Ralph Becket rafe at csse.unimelb.edu.au
Tue Jan 6 17:00:45 AEDT 2009
Previous message: [mercury-users] Destructive list operations
Next message: [mercury-users] Destructive list operations
Messages sorted by: [ date ] [ thread ] [ subject ] [ author ]
Michael Day, Tuesday,  6 January 2009:
> Hi Ralph,
> 
> >Yes, you will inevitably have this issue.  If you can abstract away
> >from the list type, that would be good.  Destructively updating lists
> >is likely to lead to some very hard to find bugs, IMHO.
> 
> Probably, yes; most likely bugs that will bite us several years later in 
> unrelated code that we'll have trouble tracking down. Nasty.
> 
> With that in mind, I've tried writing a pure Mercury implementation of 
> map_replace that is optimised for the situation in which no changes are 
> made to the list, in which case it will be return as is with no copying 
> or allocations. Here is the initial naive implementation:
> 
> :- pred map_replace_naive(pred(T, maybe(list(T))), list(T), list(T)).
> :- mode map_replace_naive(in(pred(in, out) is det), in, out) is det.
> 
> map_replace_naive(_Pred, [], []).
> map_replace_naive(Pred, [X|Xs0], Ys) :-
>     Pred(X, Res),
>     (
>         Res = no,
>         map_replace_naive(Pred, Xs0, Ys0),
>         Ys = [X|Ys0]
>     ;
>         Res = yes(Xs),
>         map_replace_naive(Pred, Xs0, Ys0),
>         Ys = Xs ++ Ys0
>     ).
> 
> Clear specification, but it rebuilds the list pointlessly if no changes 
> are made.
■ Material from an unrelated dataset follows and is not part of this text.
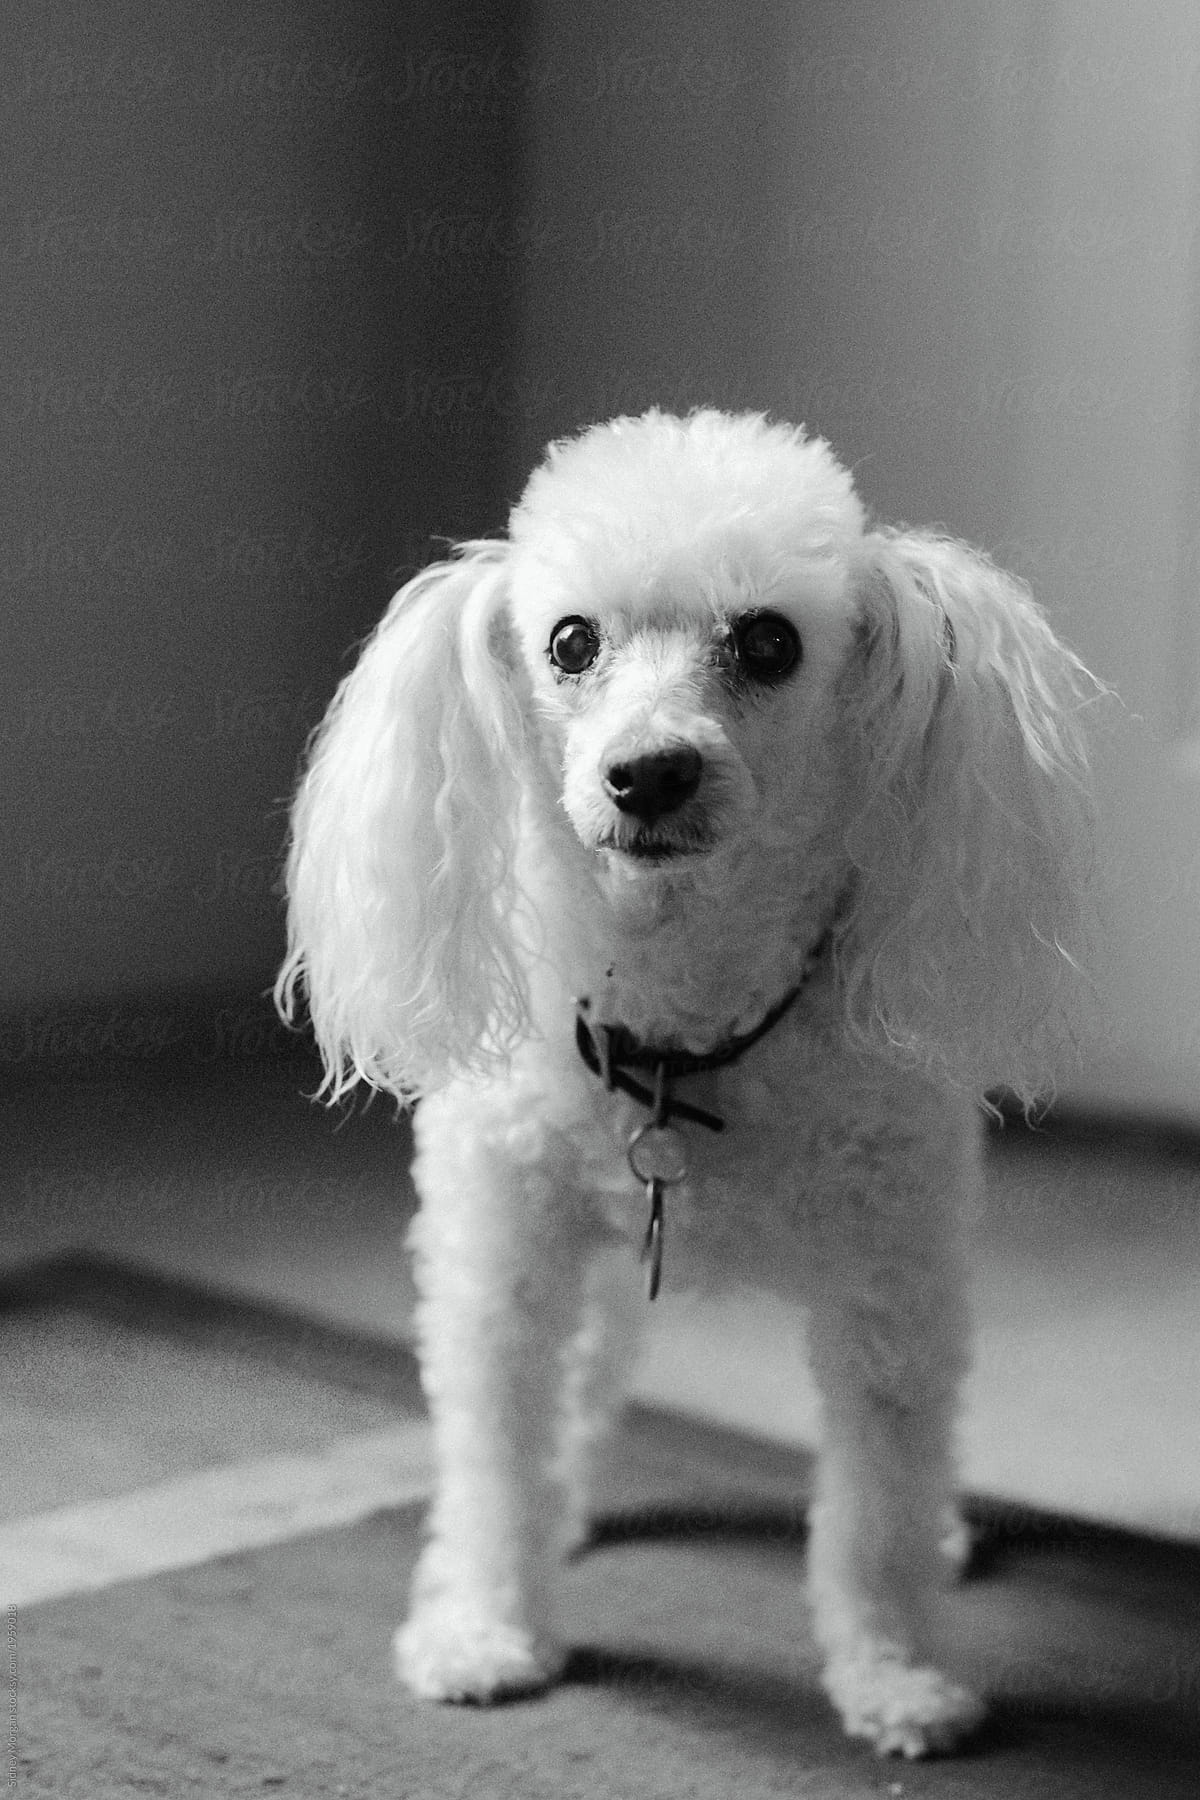 Old Poodle in Black and White

The smarter implementation builds up a list of changes, then 
> applies them to the original list in a separate step:
> 
> :- pred map_replace_smart(pred(T, maybe(list(T))), list(T), list(T)).
> :- mode map_replace_smart(in(pred(in, out) is det), in, out) is det.
> 
> map_replace_smart(Pred, Xs, Ys) :-
>     find_replacements(Pred, 0, Xs, [], Rs),
>     apply_replacements(0, Rs, Xs, Ys).
> 
> :- pred find_replacements(pred(T, maybe(list(T))), int, list(T),
>     assoc_list(int, list(T)), assoc_list(int, list(T))).
> :- mode find_replacements(in(pred(in, out) is det), in, in,
>     in, out) is det.
> 
> find_replacements(_Pred, _Index, [], Rs0, Rs) :-
>     Rs = reverse(Rs0).
> 
> find_replacements(Pred, Index, [X|Xs], Rs0, Rs) :-
>     Pred(X, Res),
>     (
>         Res = no,
>         Rs1 = Rs0
>     ;
>         Res = yes(Ys),
>         Rs1 = [Index - Ys|Rs0]
>     ),
>     find_replacements(Pred, Index + 1, Xs, Rs1, Rs).
> 
> :- pred apply_replacements(int, assoc_list(int, list(T)), list(T), list(T)).
> :- mode apply_replacements(in, in, in, out) is det.
> 
> apply_replacements(_Index, [], Xs, Xs).
> apply_replacements(Index, [R|Rs], Xs, Ys) :-
>     (
>         % this should never happen
>         Xs = [],
>         Ys = []
>     ;
>         Xs = [X|Xs0],
>         ( if R = Index-NewXs then
>             apply_replacements(Index+1, Rs, Xs0, Ys0),
>             Ys = NewXs ++ Ys0
>         else
>             apply_replacements(Index+1, [R|Rs], Xs0, Ys0),
>             Ys = [X|Ys0]
>         )
>     ).
> 
> As you can see it's much longer and less clear, with index manipulation 
> which I particularly don't like. However, in theory it should be faster, 
> if the list is rarely changed, as no copying or allocations will be 
> performed in this case.

Once you go down this path, an array will be much faster than a list.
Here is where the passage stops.